NME called Separations "archly naive glitter pop". Select thought, "Jarvis wears clothes so unfashionable his body seems to be revolting against them... he dances with the same graceless beauty that Nicholas Cage displayed in Wild At Heart - all karate kicks and hand-chops." Chris Roberts wrote in Melody Maker that the album's first single, 'My Legendary Girlfriend' (released in 1991), "pulsates with not only the spirit of the great Barry [White] but also echoes of Iggy Pop, Human League, and any great existential profundity you care to raise."

Or, as Jarvis put it: "Pulp are light and shade, a dog snapping off its lead for a bit and running around then getting caught again. I can hear a train going past."

It's noticeable that the two singles drawn from Separations are the first two songs on the second side, the 'acid house' side. This would give a fair indication as to where Pulp's future lay, with a squelchy disco beat and a sex-driven libido, Jarvis all expressive hand gestures and awkward body movements, deliciously packaged up as "sex" to the daughters of the mums who first saw Pulp play in 1980 at the Sheffield Leadmill. In 1991, Stuart Maconie described a 12-inch of 'My Legendary Girlfirend' as "a throbbing ferment of nightclub soul and teen opera" making it NME's Single Of The Week. Or, as I wrote in my review for Melody Maker, catching hold of the song's salacious properties:

"Back to the present, and all the pleasures that can bring. For example, the first 30 seconds of this single which are very, very steamy indeed. The male version of [posh, all-female, madrigal-singing group] Miranda Sex Garden, no less - the introduction makes me want to crop my hair, start taking one teaspoon less in my coffee and laying out the satin sheets in readiness. And then the damn fool spoils it all by opening his mouth another centimetre or two, and singing. Worse - singing like Bryan Ferry was today's news, instead of World Of Twist. Damn. Until then, I really thought we had an online male orgasm scenario going there. Still, not bad at all."

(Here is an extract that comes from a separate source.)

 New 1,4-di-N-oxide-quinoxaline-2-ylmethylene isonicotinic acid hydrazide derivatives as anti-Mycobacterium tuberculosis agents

Not as histronic or overtly wonderfully melodramatic as 1995's Different Class and with a pleasingly sinister undercurrent, in places Separations has shades of the darker Pulp of 1998 (This Is Hardcore). Jarvis was really starting to come into his own as a singer, expressive and weeping out to the skies over the more absurd sides of love. The album is worth buying for the opener 'Love Is Blind' and 'She's Dead' alone.

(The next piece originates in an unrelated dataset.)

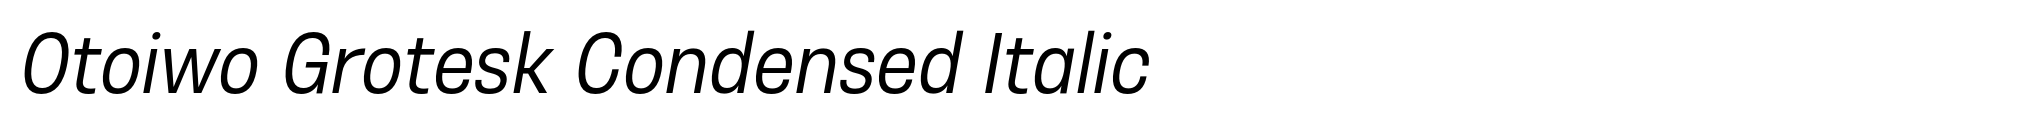 Otoiwo Grotesk Condensed Italic image

On the other hand, the album's closing instrumental rave, 'This House Is Condemned' was perhaps a little - what's the word again - ill advised. Still, it was interesting that Cocker, under the influence of Mackey, felt confident enought to try. Not that anyone cared. By the time Separations finally got a release, Pulp were on their way.

"Today," wrote an impressionistic John Mulvey in the NME, "Pulp is... trying to be superstars in your hometown... organising party games for drunks... loving Des O'Connor and not having to say you're sorry... being fantastic... being mundane... being fantastic and mundane at the same time... dreaming of space-age Sheffield..."

"I think space is something that a lot of people our age are fascinated with," Cocker told Volume writer Paul Mathur for the release of 'Countdown'. "I'm not a sci-fi buff or anything, don't get me wrong. It's just that I remember when I was young watching the first man on the moon... The people at NASA were saying that by 1984 or something, we'd be living on different planets or whirring around in Space Stations, and we believed them completely, There didn't seem to be any reason why we wouldn't."

He continued: "I wrote this song on the new LP about how you leave school and you treat the rest of your life like a big countdown for something big that's going to happen - and the years go by with you thinking, well, when am I going to get to the 10, 9, 8, 7, 6 bit? It just never comes along."

He wouldn't have much longer to wait.